Effect of Zn^2 + binding and enzyme active site on the transition state for RNA 2′-O-transphosphorylation interpreted through kinetic isotope effects

Highlights

• KIE measurements suggest that Zn^2 + alters the transition state in RNA transphosphorylation.

• Different Zn^2 + binding modes yield distinct KIE signatures.

• KIEs from one dimetallic binding mode agree best with experimental results.

• The dimetallic binding mode highly resembles the catalytic mode in RNase A.

Abstract

Divalent metal ions, due to their ability to stabilize high concentrations of negative charge, are important for RNA folding and catalysis. Detailed models derived from the structures and kinetics of enzymes and from computational simulations have been developed. However, in most cases the specific catalytic modes involving metal ions and their mechanistic roles and effects on transition state structures remain controversial. Valuable information about the nature of the transition state is provided by measurement of kinetic isotope effects (KIEs). However, KIEs reflect changes in all bond vibrational modes that differ between the ground state and transition state. QM calculations are therefore essential for developing structural models of the transition state and evaluating mechanistic alternatives. Herein, we present computational models for Zn^2 + binding to RNA 2′O-transphosphorylation reaction models that aid in the interpretation of KIE experiments. Different Zn^2 + binding modes produce distinct KIE signatures, and one binding mode involving two zinc ions is in close agreement with KIEs measured for non-enzymatic catalysis by Zn^2 + aquo ions alone. Interestingly, the KIE signatures in this specific model are also very close to those in RNase A catalysis. These results allow a quantitative connection to be made between experimental KIE measurements and transition state structure and bonding, and provide insight into RNA 2′O-ransphosphorylation reactions catalyzed by metal ions and enzymes. This article is part of a Special Issue entitled: Enzyme Transition States from Theory and Experiment.

Introduction

Divalent metal ions play critical roles in RNA folding and catalysis [1], [2], [3], [4], [5], [6], [7], [8]. The ability of divalent ions to stabilize high concentrations of negative charge in transphosphorylation reaction centers via electrostatic interactions, direct coordination or acid-base chemistry empowers them with potential mechanisms to assist in catalysis. However, unraveling the specific role of metal ions is extremely challenging due to the difficulty in discerning the catalytically active metal ion binding mode and its connection with the transition state (TS) structure and bonding [2], [3], [4], which also exists as the major barrier in the investigation of enzyme catalysis mechanisms.
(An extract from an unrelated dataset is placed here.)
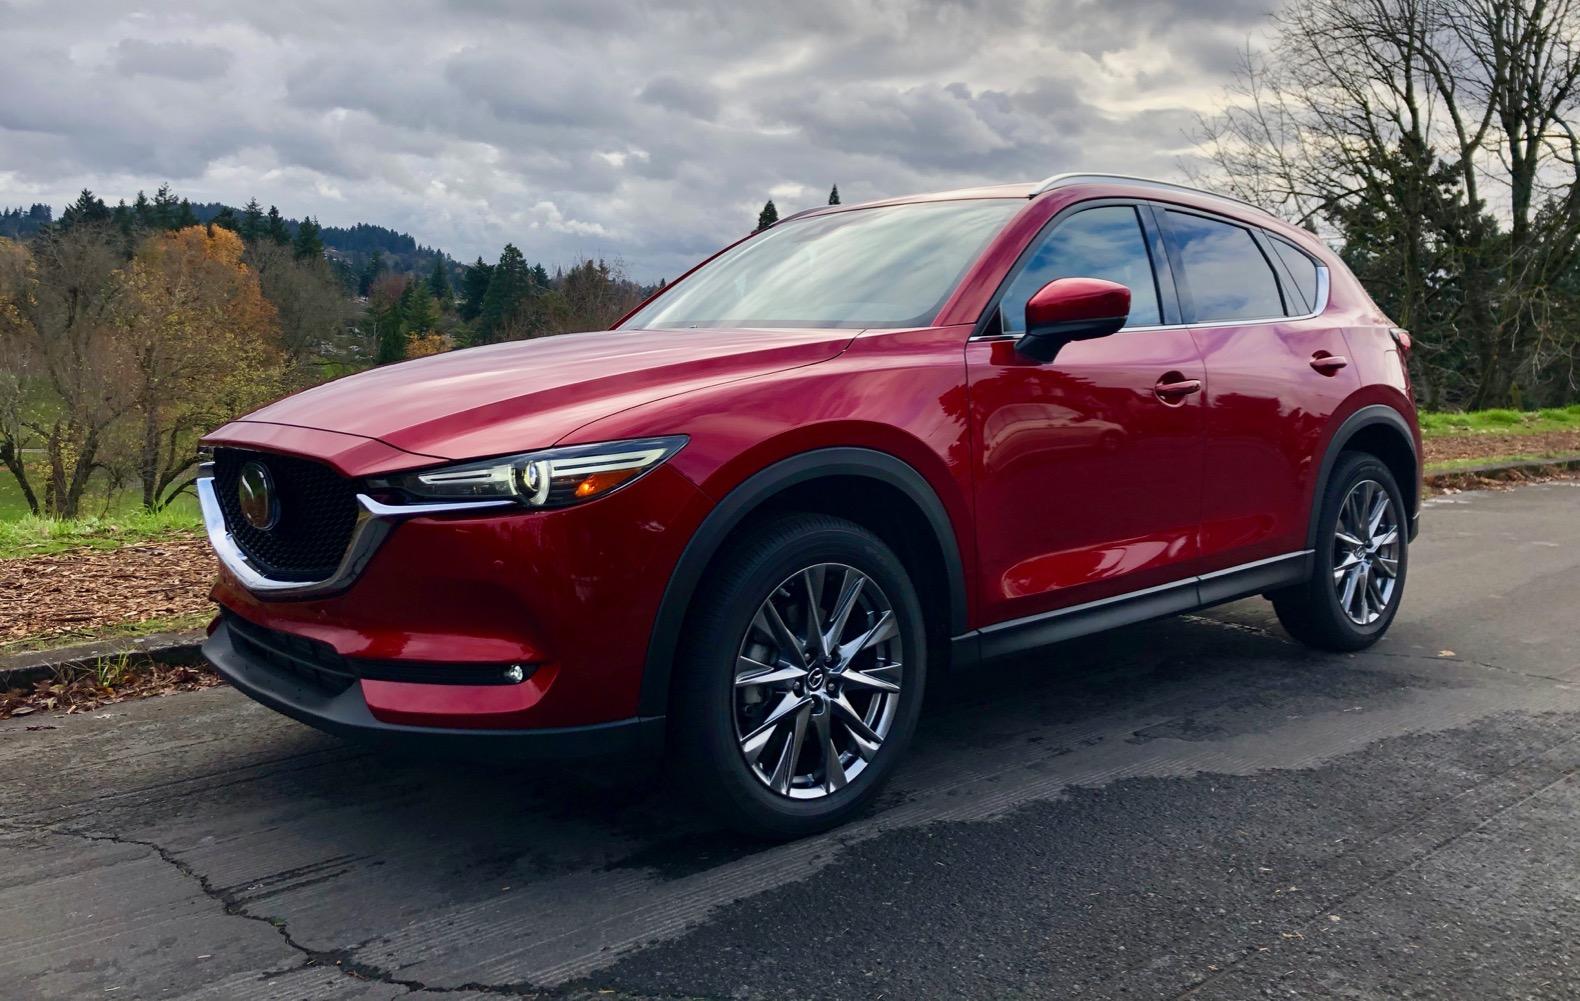 2019 mazda cx 5 signature review practical and pretty the torque report 2019 mazda cx 5 signature review

A powerful strategy to resolve mechanistic ambiguity is to rationally design and study simplified model reaction systems using a joint experimental/theoretical approach. Perhaps the most sensitive experimental mechanistic probe is the measurement of kinetic isotope effects (KIEs) that compare the relative reaction rate constants between isotopologues. KIEs arise from subtle quantum effects associated with the changes in structure and bonding that occur in proceeding from the reactant state (RS) to rate-controlling TS [9], [10], [11], [12], [13], [14]. However, meaningful interpretation of KIE measurements requires the use of computational models. Computational modeling of KIEs has been extensively applied to study RNA transphosphorylation catalyzed by enzyme, [15] specifically designed metal catalyst [16], [17] and without catalyst [18], [19], [20]. In a recent work, [21] Zhang et al. measured the primary and secondary kinetic isotope effects for catalysis by Zn^2 + ions and by specific base alone, and compared results with preliminary calculations. In the present work, we extend the scope of these calculations to explore 9 distinct, alternative Zn^2 + ion binding modes (Fig. 2) within several classes (Scheme 1) in the TS and characterize the resulting KIE signatures. Comparison across different model reactions is also performed and analyzed.